Erstaunt über die dramatischen Warnungen im Ständerat frotzelten die Initianten gestern auf dem Kurznachrichtendienst Twitter: «Lieber Ständerat, Sie sind vom Volk gewählt, nicht von der SRG. Oder täuschen wir uns da?» Dabei ist es keineswegs so, als wäre im Rat gar keine Kritik zu hören gewesen. Er habe das Gefühl, dass sich die SRG selber überschätze, sagte etwa der Glarner SVP-Ständerat Werner Hösli: «Es ist für mich schon erstaunlich, mit welcher Überzeugung sich die SRG als unersetzliche Retterin der Schweiz mit ihrer direkten Demokratie sieht.» Dabei erreiche sie die Jungen mit ihren Programmen gar nicht mehr.

Josef Dittli (FDP/UR) sagte, die SRG müsse bereit sein, sich anzupassen. Es sei fraglich, ob sie künftig noch alles tun müsse, was sie heute tue. Laut seinem Ratskollegen Joachim Eder (FDP/ZG) ist die «No Billag»-Initiative der falsche Anlass für diese Debatte. Den richtigen Rahmen dafür ­biete die kommende Diskussion über das vom Bundesrat angekündigte Mediengesetz.

Bundespräsidentin Doris Leuthard warnte vor den Auswirkungen bei einer Annahme der Initiative: Nicht nur der Bereich Information wäre betroffen, sondern auch Sport oder Unterhaltung. «Das würde bedeuten: kein Federer-Match, kein Spitzenfussball, kein ‹SRF bi de Lüt›.» Zudem erinnerte Leuthard daran, dass von den Gebührengeldern nicht nur die SRG, sondern auch Lokalradios und Regionalfernsehsender profitieren.

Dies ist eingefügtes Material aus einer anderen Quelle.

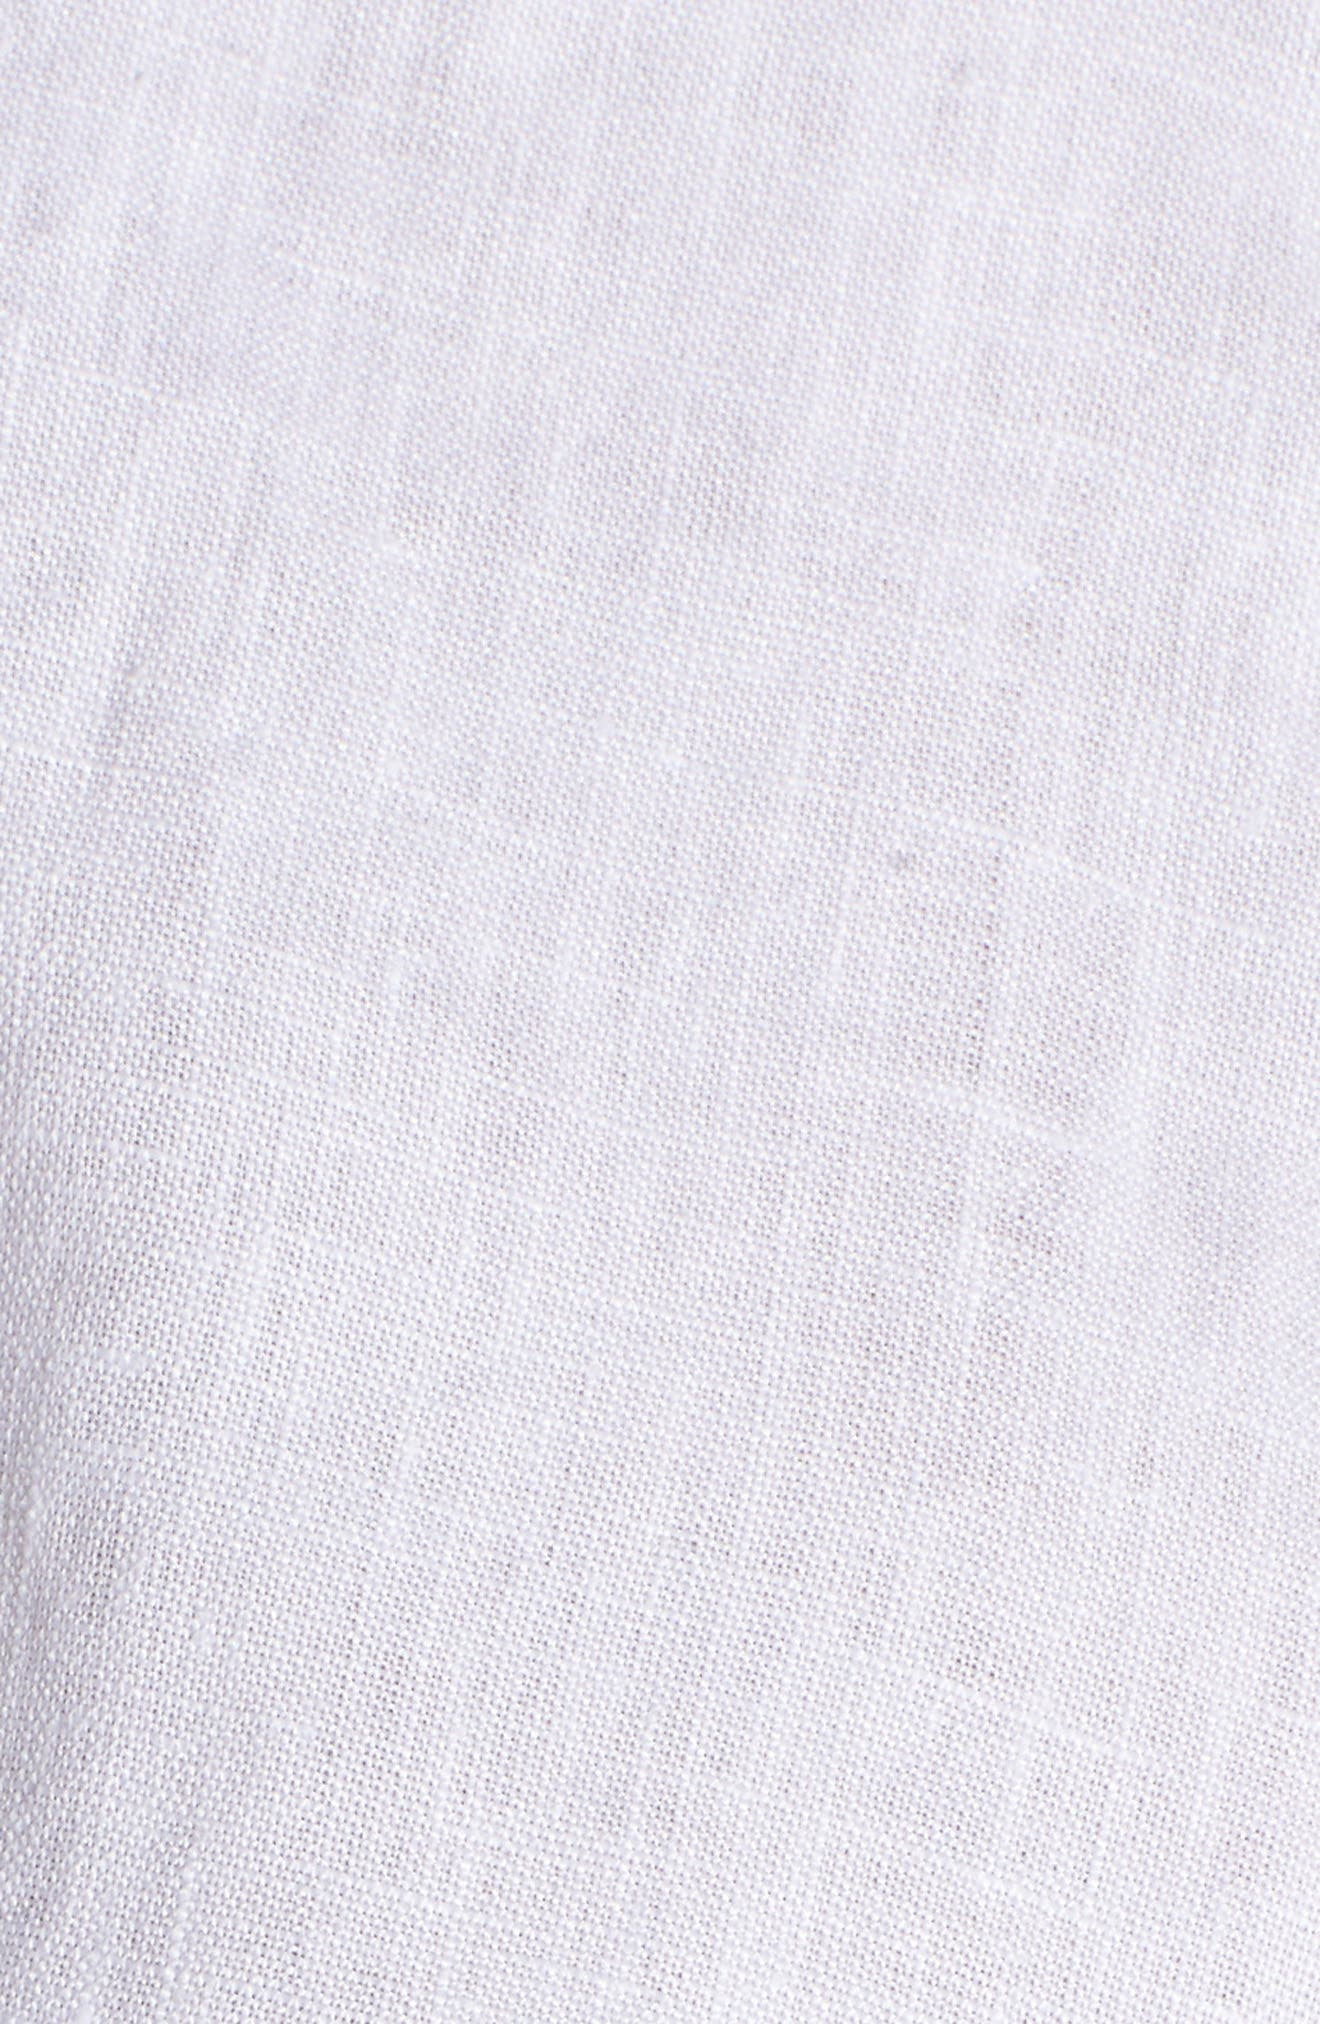 Linen Chambray Shirt,                             Alternate thumbnail 31, color,

SVP will eine Reduktion der Gebühren

Der Tessiner CVP-Ständerat Filippo Lombardi warnte derweil davor, die «No Billag»-Initiative auf die leichte Schulter zu nehmen: «Das letzte Wort hat nicht der gemässigte Ständerat, sondern das Volk.» Es werde eine harte Debatte. Zuerst ist aber der Nationalrat an der Reihe: Am 10. April berät die Kommission für Verkehr und Fernmeldewesen über die «No Billag»-Initiative. Gemäss Kommissionspräsidentin Natalie Rickli (SVP/ZH) werden dabei Vertreter der Initianten sowie der SRG angehört. Unter den Nationalräten dürfte das Thema kontroverser diskutiert werden als im Ständerat. Die grosse Kammer gilt als weniger SRG-freundlich. Wobei die Initiative sogar prominenten SRG-Kritikern wie «Weltwoche»-Verleger und Nationalrat Roger Köppel (SVP/ZH) zu radikal ist.

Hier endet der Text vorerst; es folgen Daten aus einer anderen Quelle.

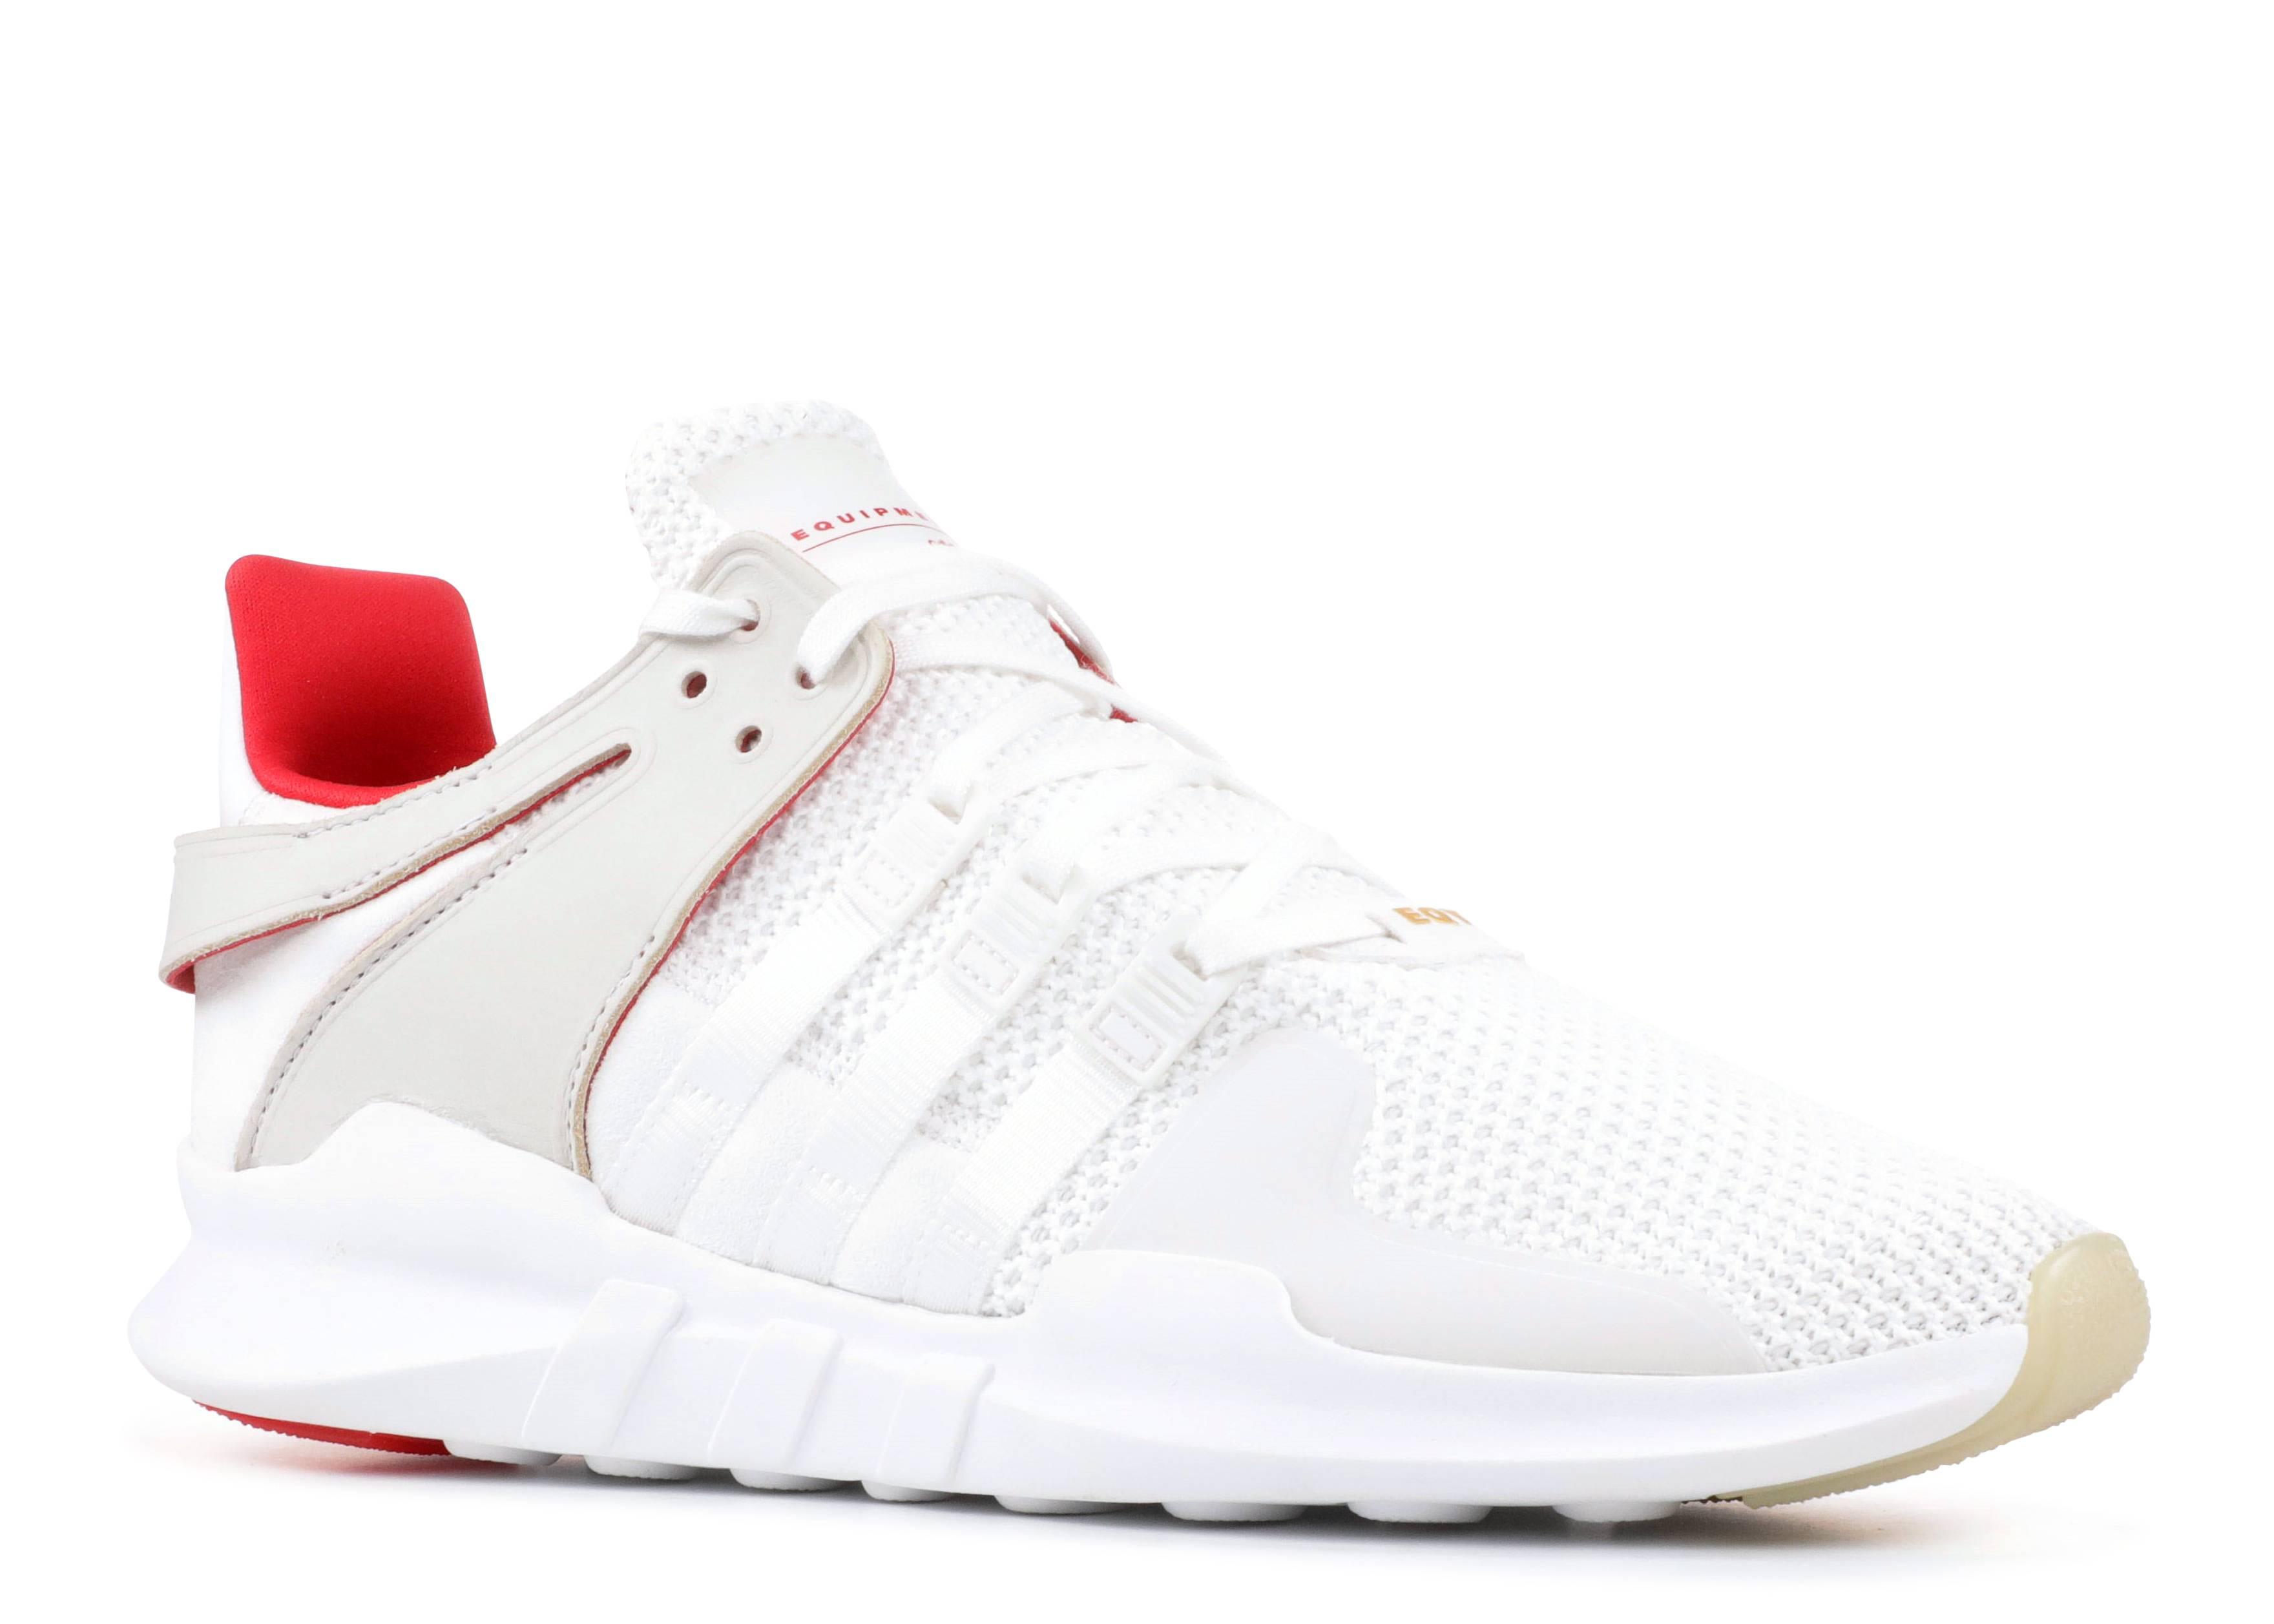 separation shoes 3b7af 761e2 Eqt Support Adv Cny

Die SVP macht sich aber stark für einen Gegenvorschlag. Es sei wichtig, dass eine Diskussion ­geführt werde, sagt der Zürcher SVP-Nationalrat Gregor Rutz, der auch in der vorberatenden Kommission sitzt. «Wir werden darum sicher einen Vorschlag einbringen.» Details will Rutz noch nicht nennen. Er verweist aber auf das Medienpapier, das die SVP vergangenes Jahr veröffentlicht hat. Darin fordert die Partei eine Reduktion der Empfangsgebühren um die Hälfte auf rund 200 Franken.

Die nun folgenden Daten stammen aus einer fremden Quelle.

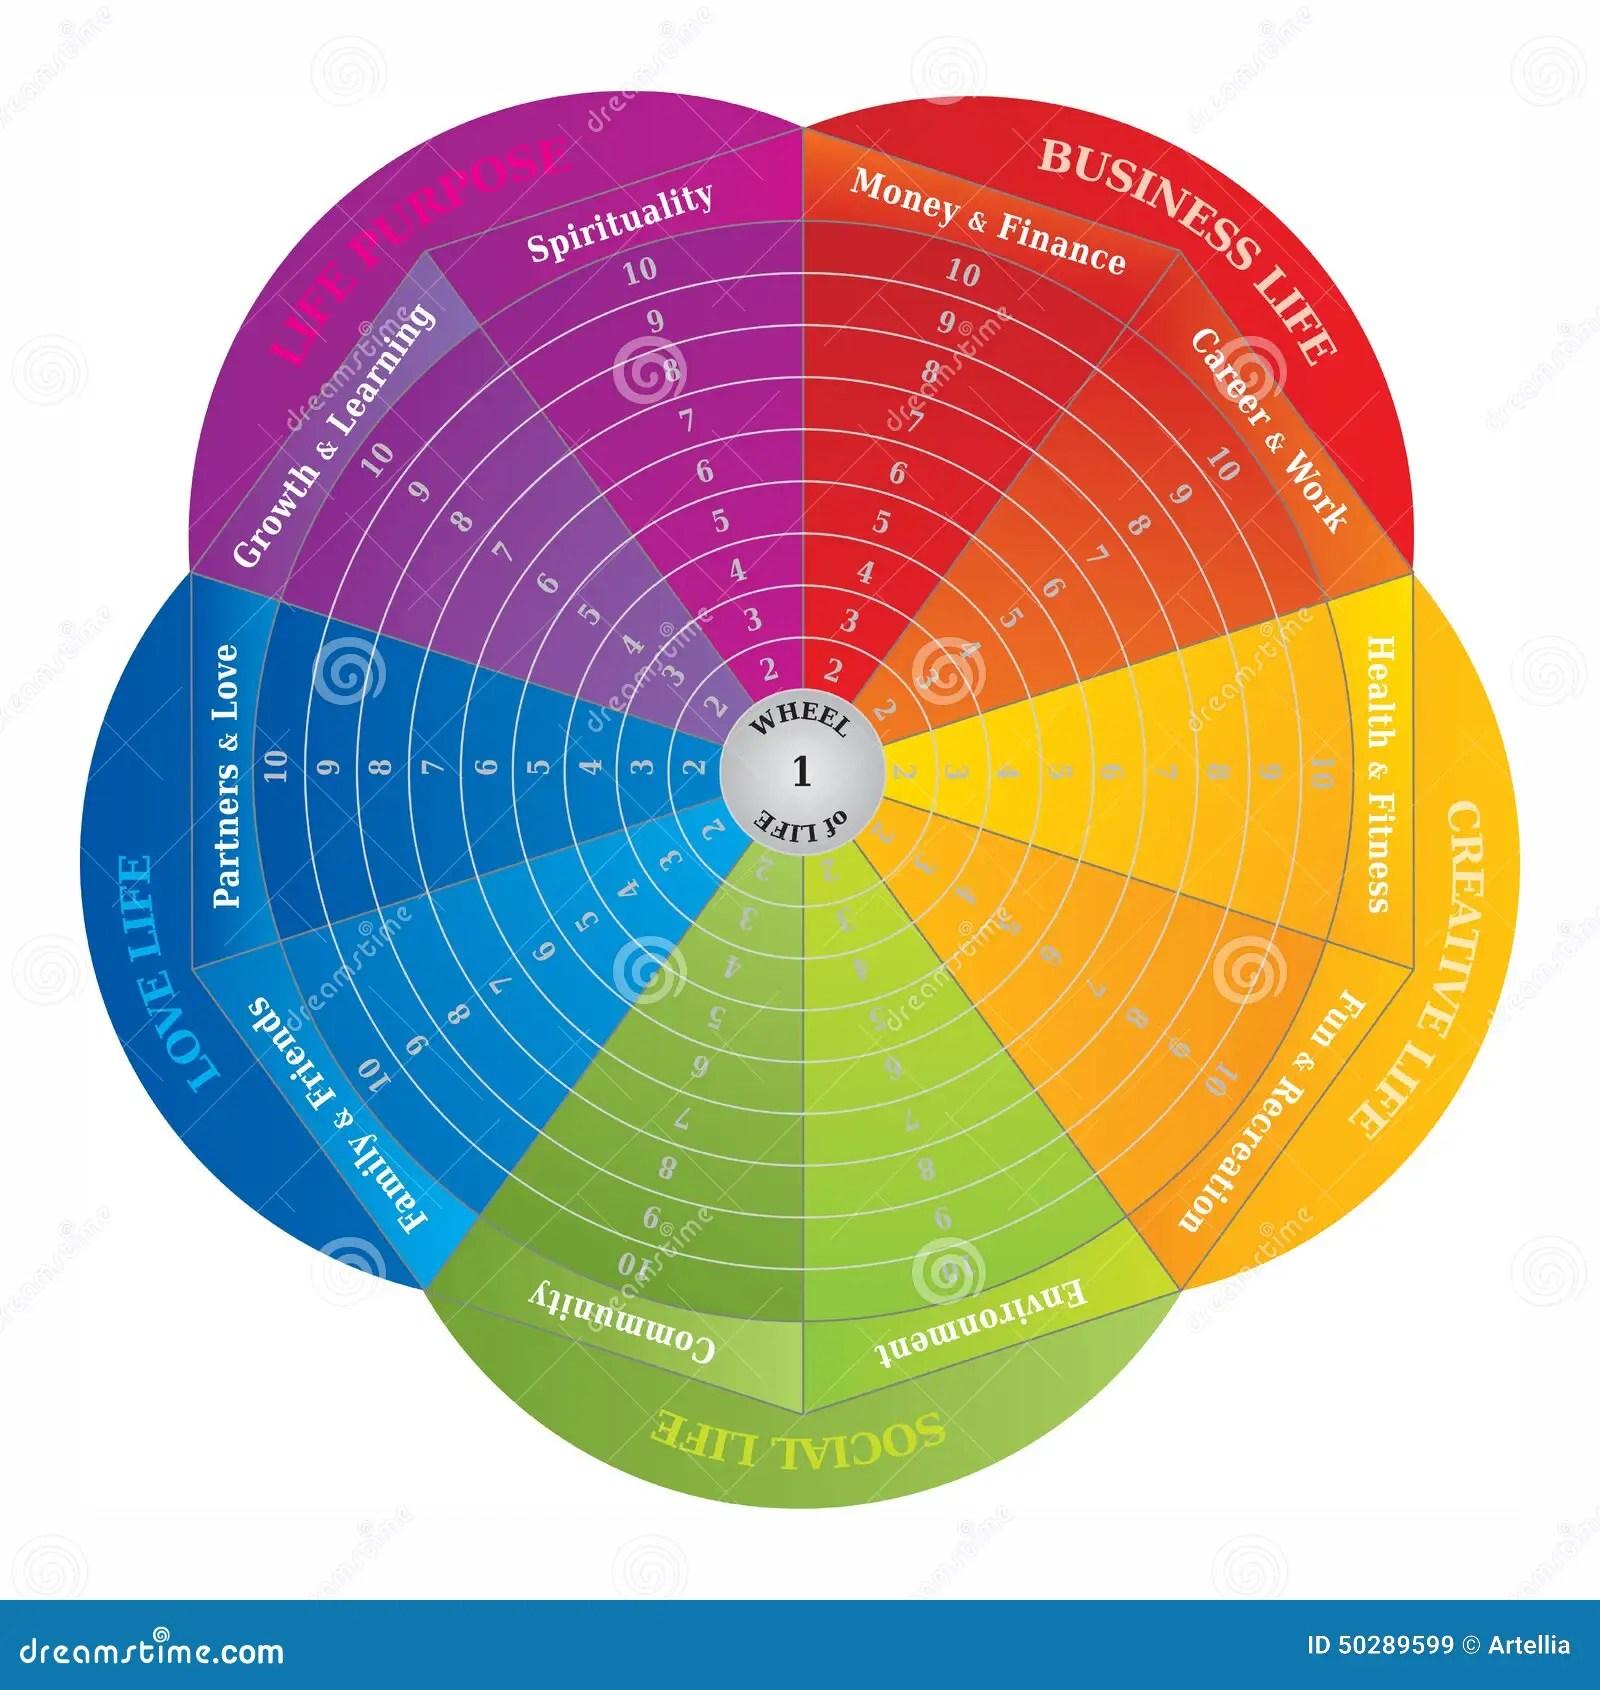 flower diagram career refrigerator wiring compressor wheel of life coaching tool in rainbow colors

Rutz hat die «No Billag»-Initiative zwar nicht unterschrieben, für ihn ist aber klar: «Gibt es keinen Gegenvorschlag, werde ich sie unterstützen», sagt er. Ähnlich haben sich in der Vergangenheit bereits andere Vertreter der SVP geäussert. Es ist jedoch fraglich, ob ein Gegenvorschlag im Parlament mehrheitsfähig ist. Die Initianten ihrerseits haben bereits verlauten lassen, dass sie ihr Volksbegehren nicht zurückziehen würden.